Work request: The reply should contain the full listing exactly as written and no pictures at all.

Provided material:
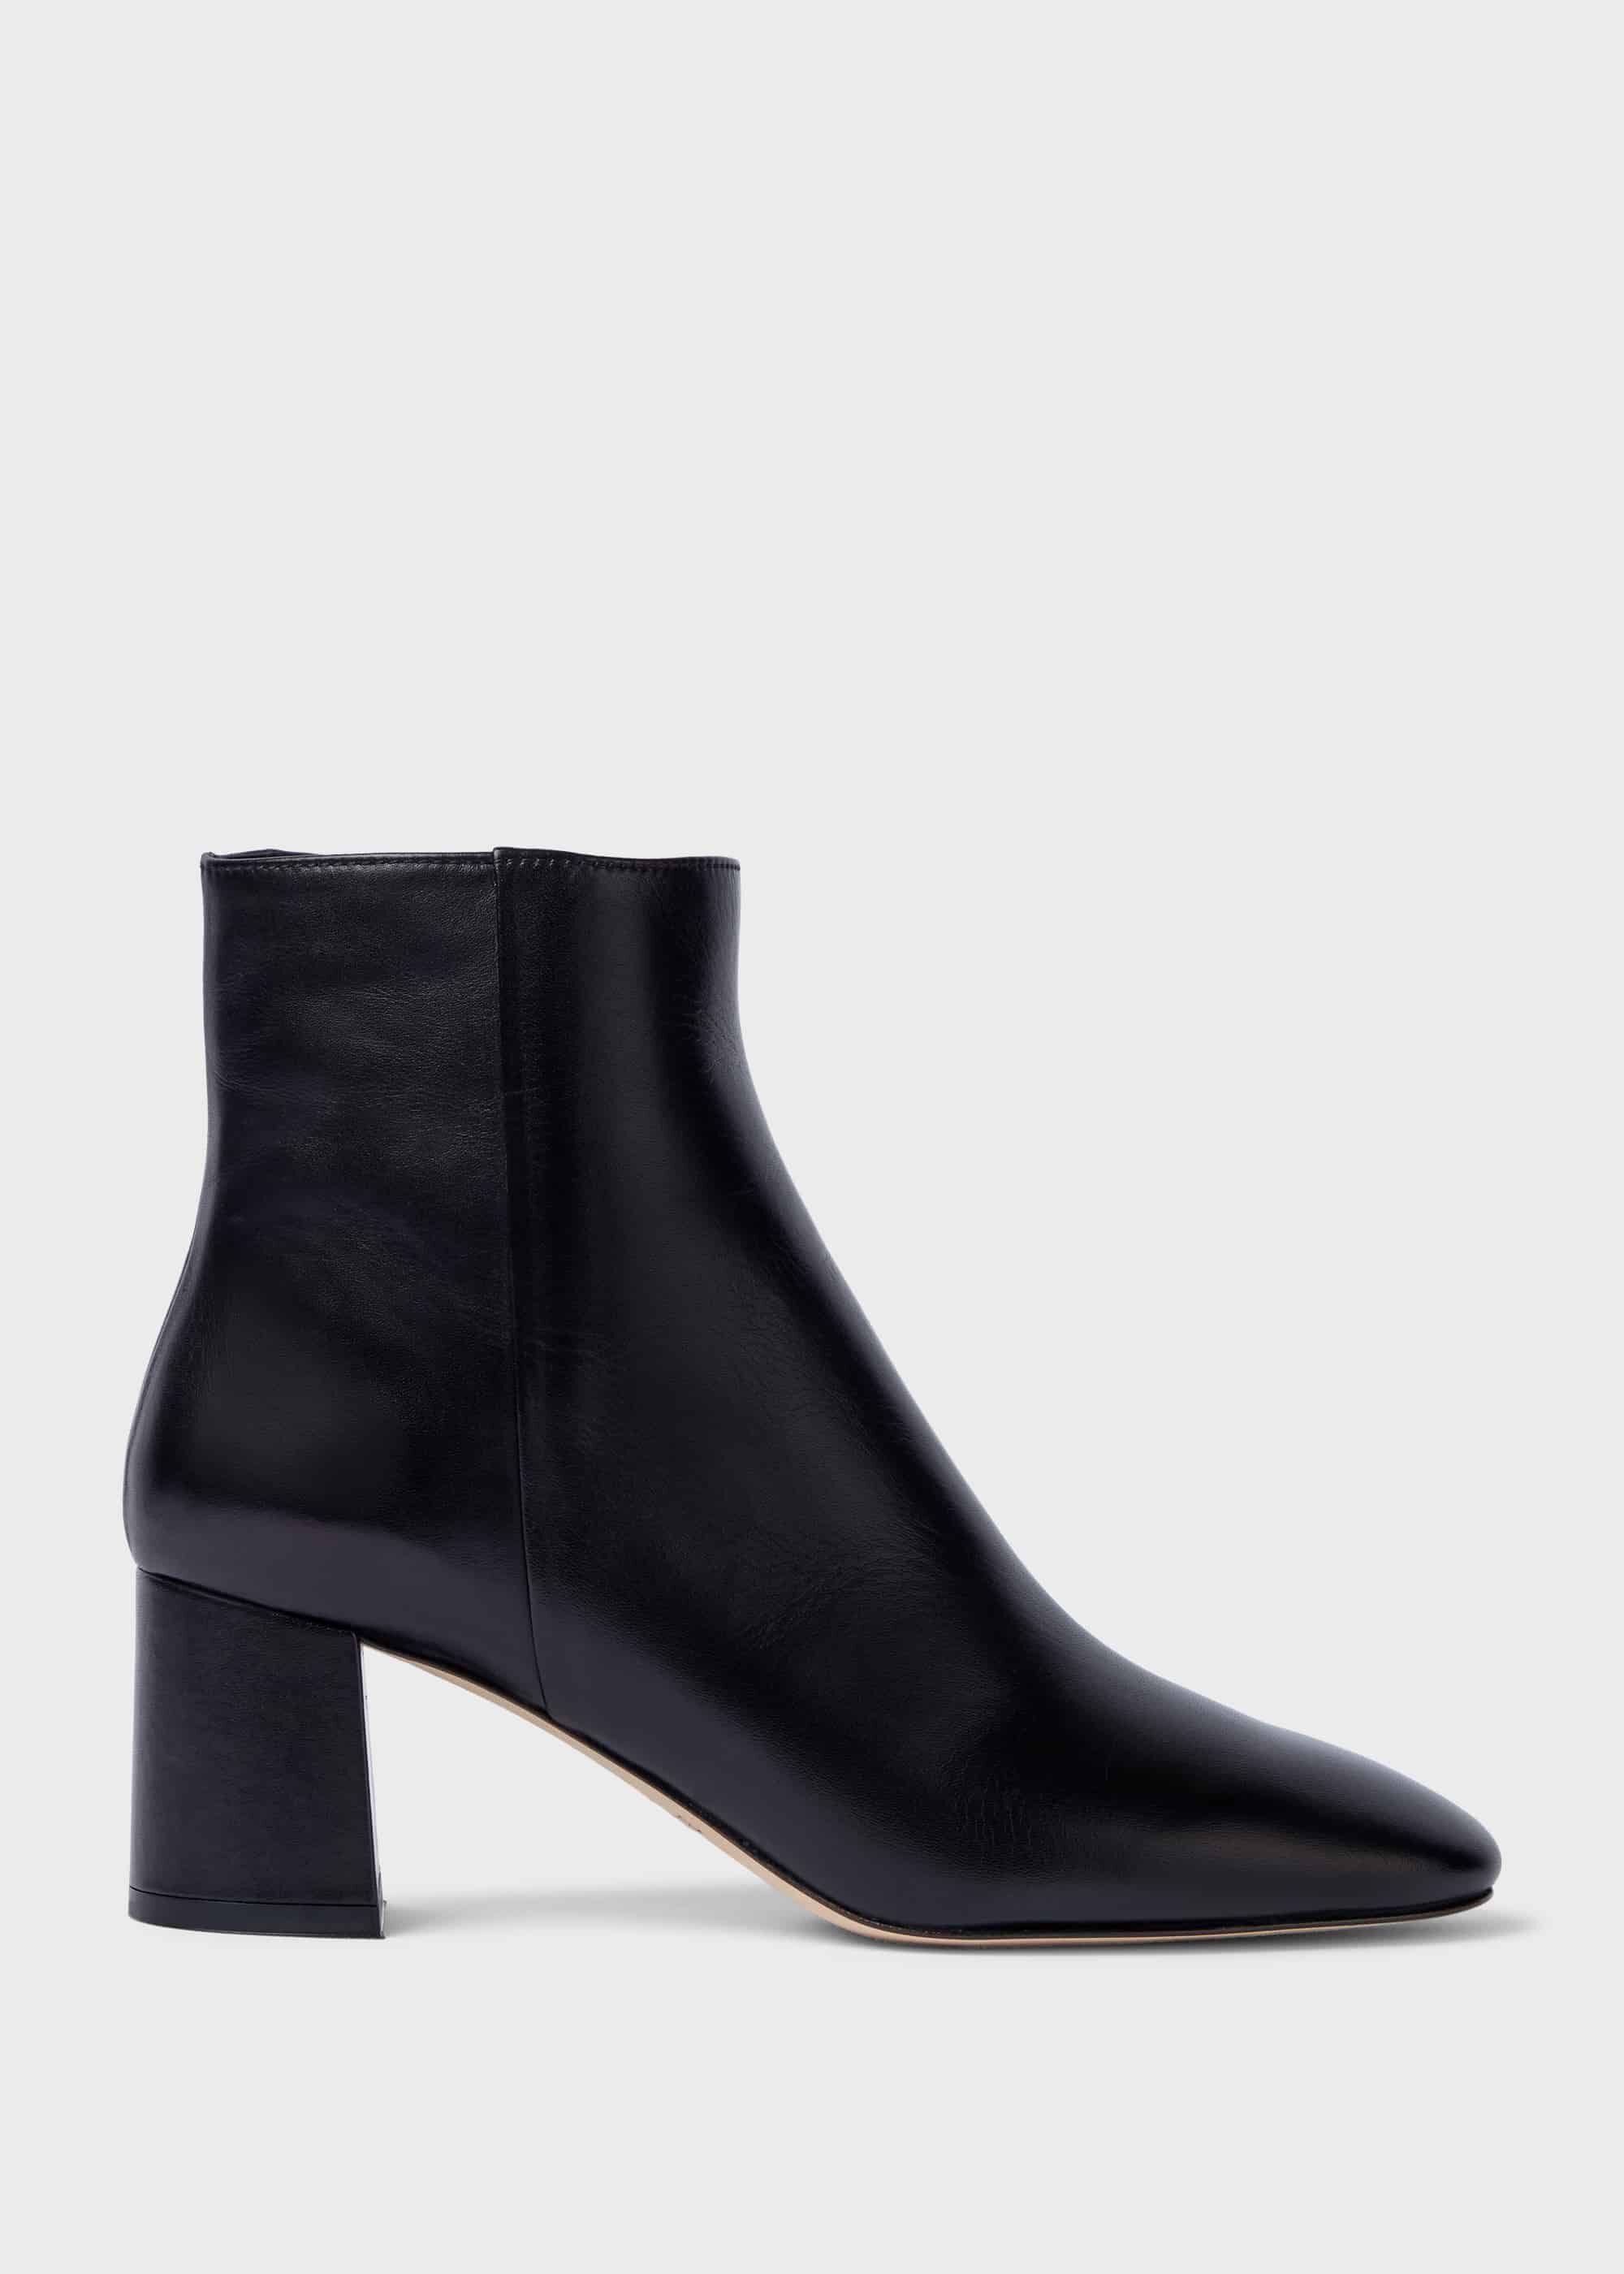 black block heel ankle boots leather
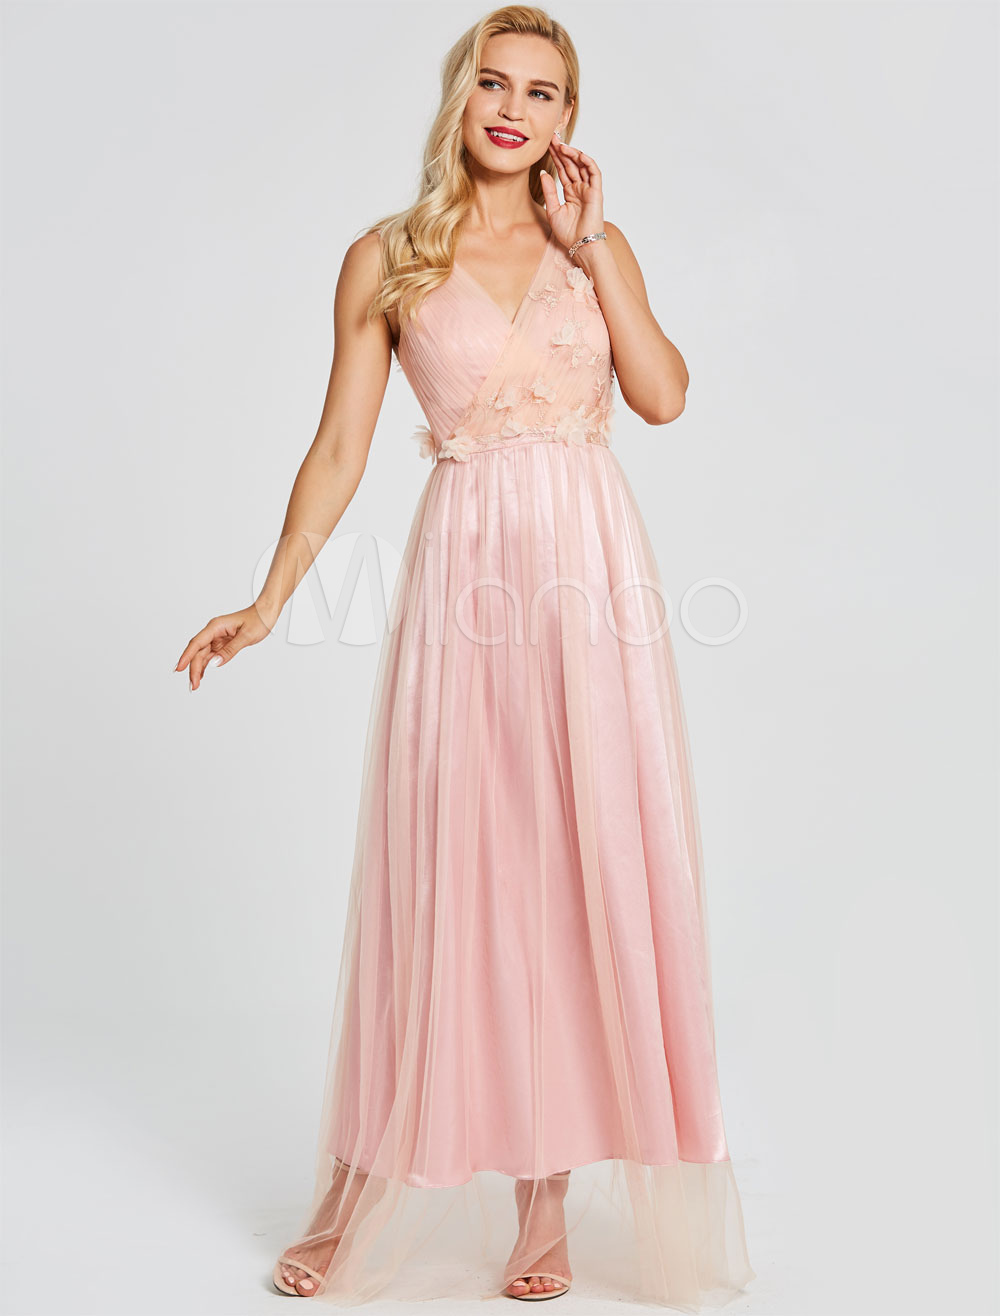 Prom Dresses Long Soft Pink Formal Gowns V Neck Applique Ankle Length Party Dresses (Wedding Cheap Party Dress) photo
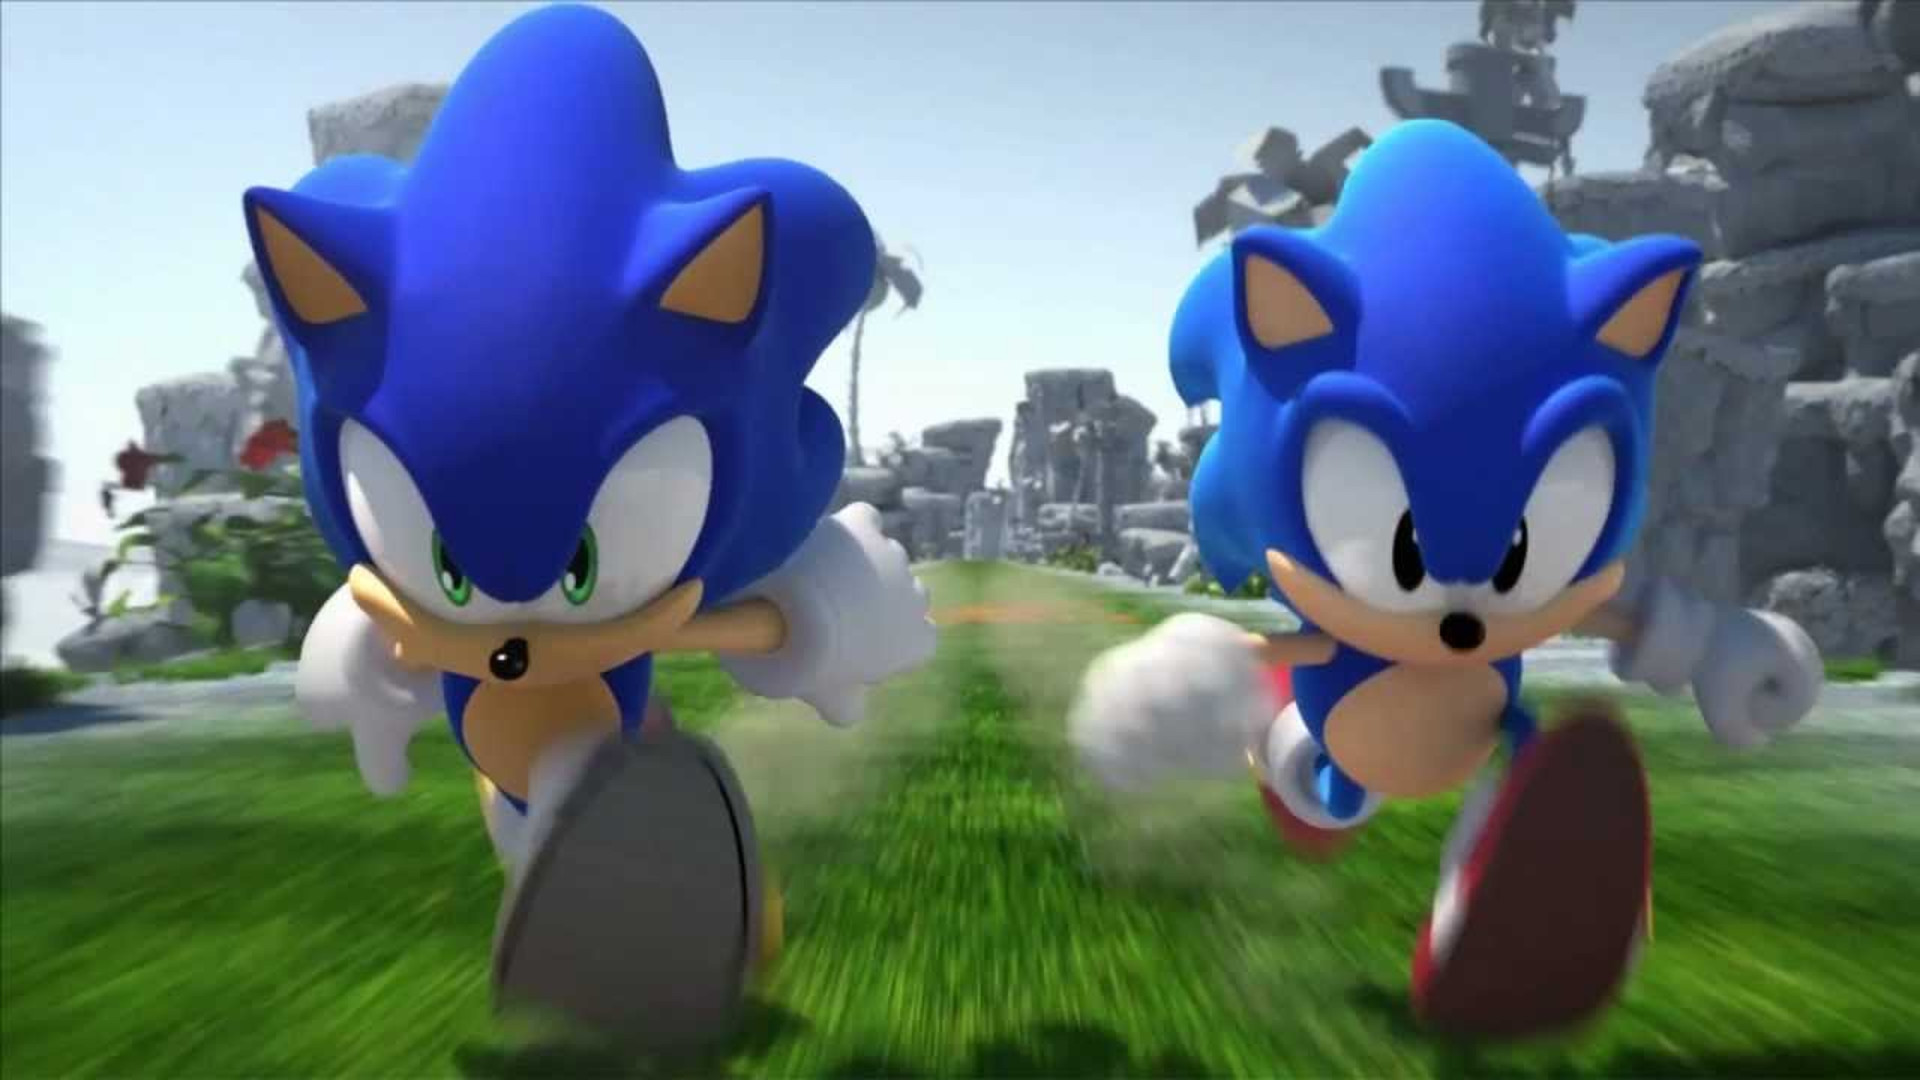 Journey Through Generations of Sonic the Hedgehog Games with the

Answer space:
 black block heel ankle boots leather
 Prom Dresses Long Soft Pink Formal Gowns V Neck Applique Ankle Length Party Dresses (Wedding Cheap Party Dress) photo
 Journey Through Generations of Sonic the Hedgehog Games with the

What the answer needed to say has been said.